I’ve said this before and I’ll say it again, the thing I love most about reading books is all the aha moments when things connect. You know how when you buy a new car you suddenly seem to see the same make and model everywhere? Whatever it is I’m reading, it seems the themes of the book are all around me, and that makes me think more deeply and open my eyes a little wider.
I’m home alone tonight not doing much of anything. Been feeling pretty despondent about the world since January 20, try as I might to stay positive and find ways to make myself useful against the forces of evil. Long story short, I thought maybe making something chocolaty might offer some comfort, and then I remembered that we have some orange honey goat cheese, and ooh, yum – lightbulb moment!
A quick Google search turned up these dark chocolate goat cheese brownies with honey. Holy wow, right? I’m definitely making them, but not tonight because the only chocolate I have is cocoa powder. But you guys! The site where I found the recipe, The Copper Table, is everything I could possible want as I figure out my new Kingsolver-inspired shopping/cooking/eating habits. It’s all about cooking with local, seasonal foods, and loving it. I’m super excited!
In the meantime, though, as I sit around praying for checks and balances, thinking about how I might save the world or at least do my part, I’m eating this final frozen bao from Costco, drinking red wine from a jam jar, and baking this simplest snack cake in the world.
I reject all this hate and despise the abuses of power and the diminishing of civil rights, and I want with all my heart to stand up for people in harm’s way. But tonight I’m just home, doing nothing. Reading Animal, Vegetable, perusing The Copper Table, eating microwaved frozen bao while I think about walking a bit more lightly on the earth by minding where my vegetables come from, eating more seasonal fresh produce, and cooking meals at home more often.
I just took my little snack cake out of the oven. When I poked it in the middle to test whether it was done, I poked a little too hard so now there’s a dent in the middle of it. (Did I mention the wine I’m drinking?) But this cake will never be seen by anyone other than me and Rusty, so who cares? I mixed the aforementioned goat cheese with a wee bit of powdered sugar (it’s pretty sweet on its own), a pinch of salt, and a dram of milk — I’ll drizzle that over the cake once it’s cool.
And that’s about all I’ve got right now. Because while my bao was tasty and I baked a cake and I’m digging Animal, Vegetable (oh, and the Warriors were down 24 but came back to win by 21 in Jimmy Butler’s first game with them), I keep thinking of The Prophet Song, which I read last year. It hit me harder than any book I’ve ever read. This passage was a revelation to me and lodged deep in my bones.
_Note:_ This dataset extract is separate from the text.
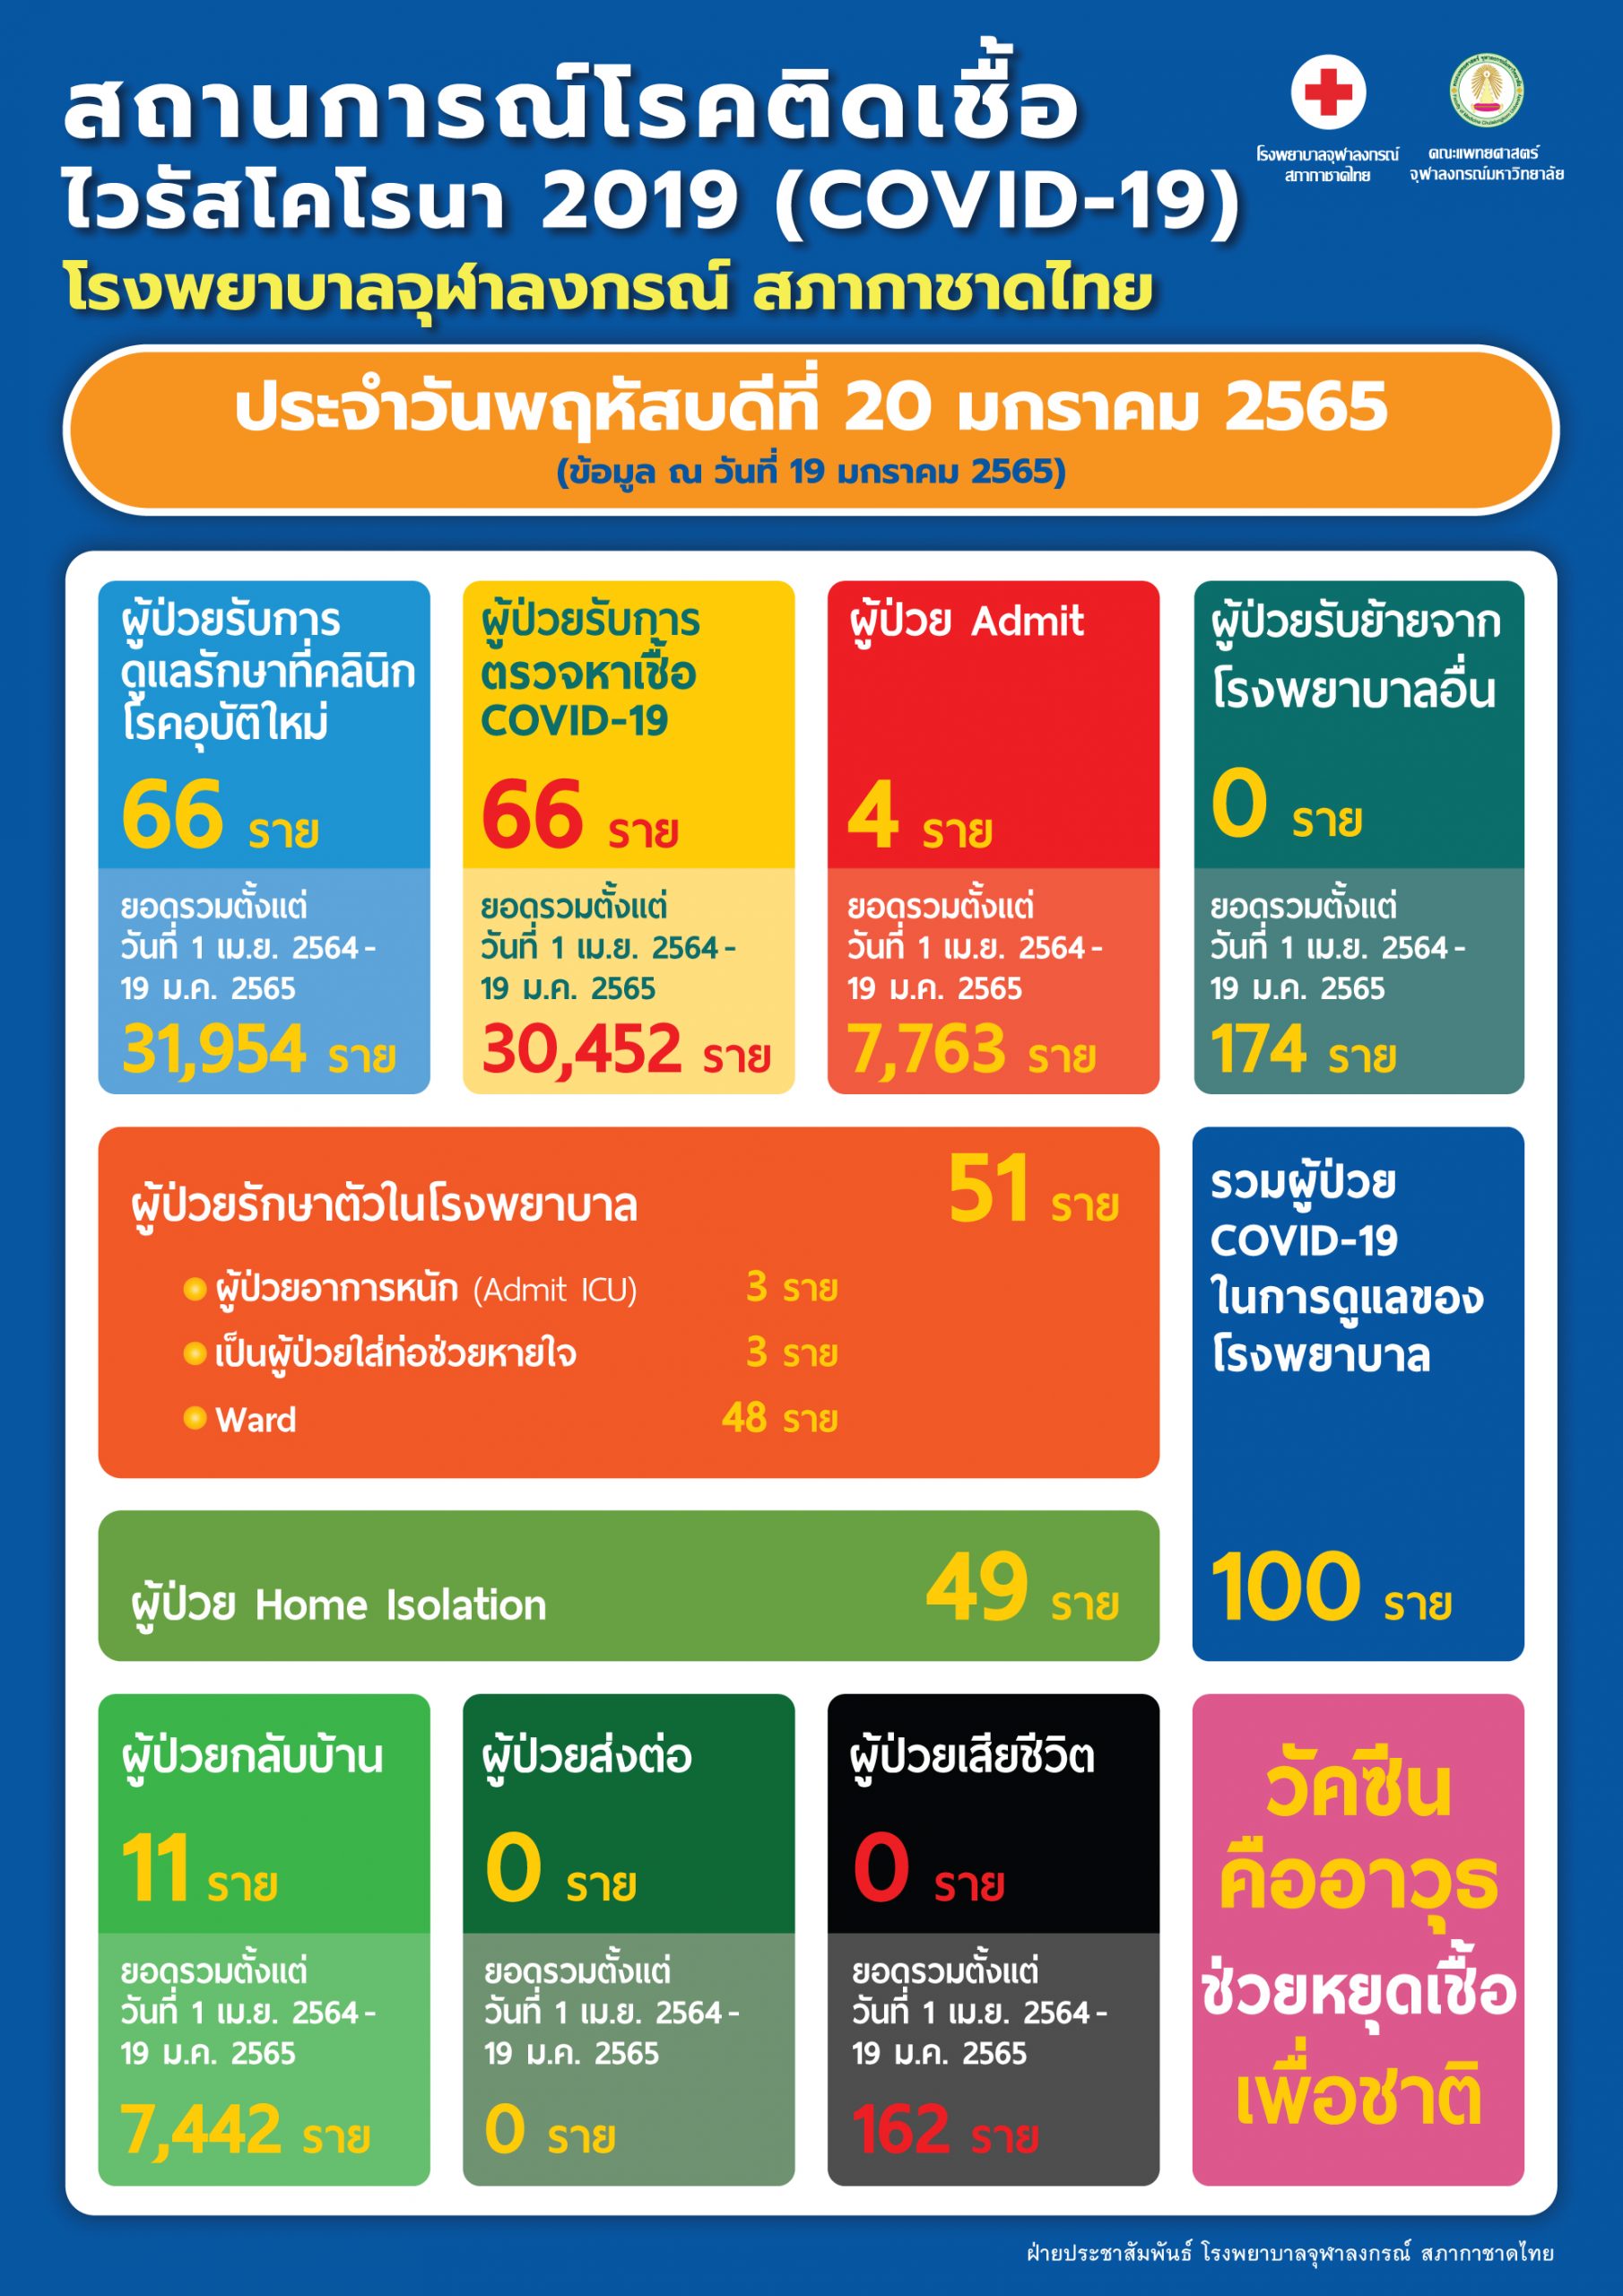 สถานการณ์โรคติดเชื้อไวรัสโคโรนา 2019 (COVID-19) โรงพยาบาลจุฬาลงกรณ์ สภากาชาดไทย ประจำวันพฤหัสบดีที่ 20 มกราคม 2565

The prophet sings not of the end of the world, but of what has been done and what will be done and what is being done to some but not others, that the world is always ending over and over again in one place but not another and that the end of the world is always a local event, it comes to your country and visits your town and knocks on the door of your house and becomes to others but some distant warning, a brief report on the news…
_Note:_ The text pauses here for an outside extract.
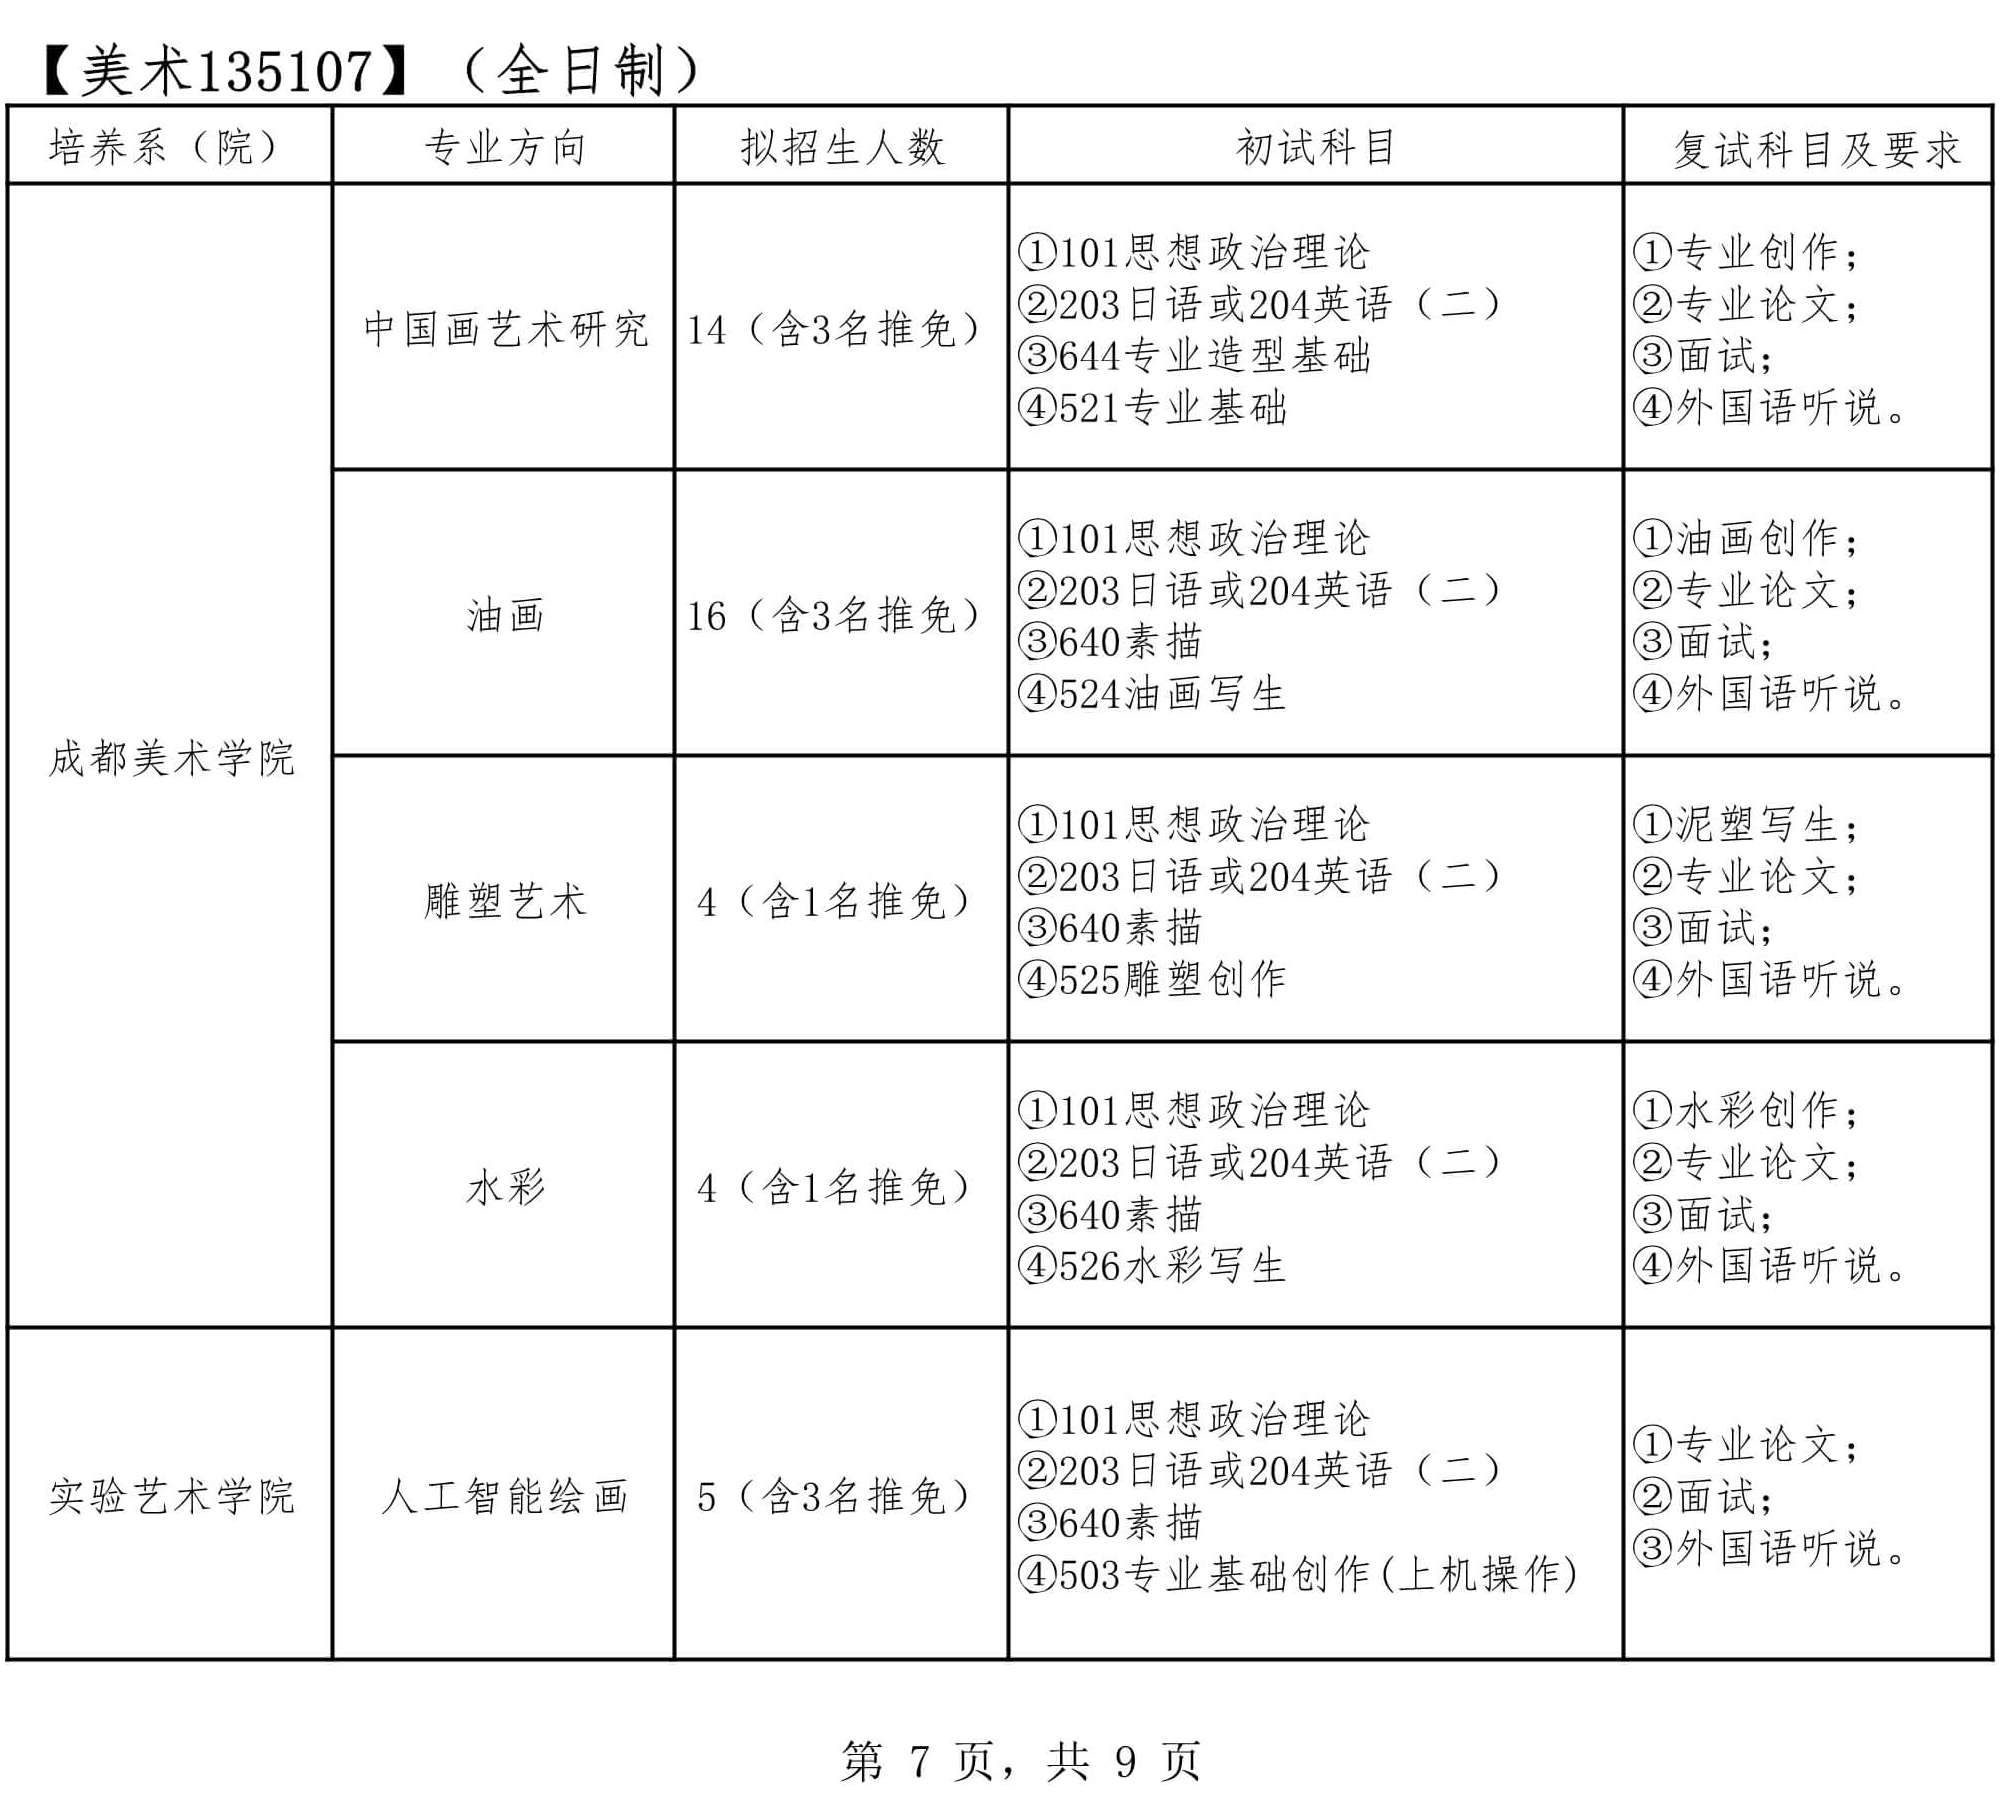 2022年四川音樂學院碩士研究生招生章程

The truth of it battered my heart. It was a new lens for looking at history and current events; it was through that lens I saw the 15-month bombardment of Gaza. In Prophet Song, you’re intimately acquainted with one family facing the end of their world, in particular one mother, and reading the news every day I knew there were thousands of real life stories that were that fucking devastating. The families of Hamas’s victims on October 7, too, and of course the hostages themselves. And then tens of thousands of Palestinians.
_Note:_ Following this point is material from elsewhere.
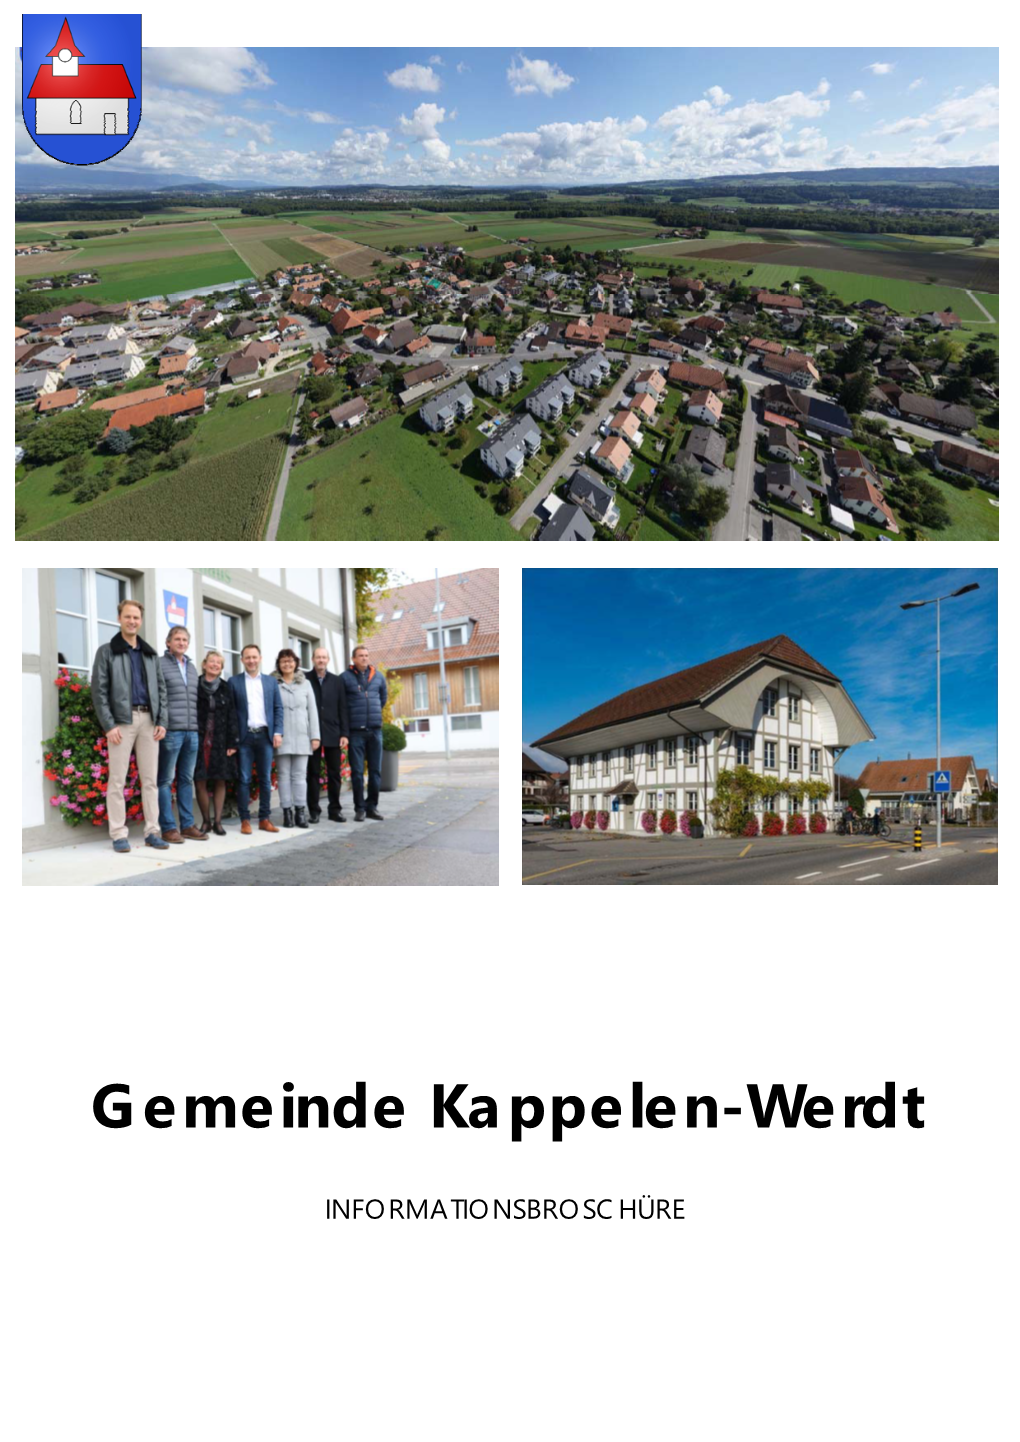 Gemeinde Kappelen-Werdt

One of the main points of Prophet Song is it can happen anywhere, that local end of the world. As things here in the US get really scary, I keep thinking of that scene in The Handmaid’s Tail (the TV series with Elisabeth Moss) where they flashback to when everything was normal, and Jude orders coffee at a cafe, and the cashier tells her that her bank card won’t work anymore because (sorry!) women’s bank accounts have all been frozen. Everything’s normal until it’s not.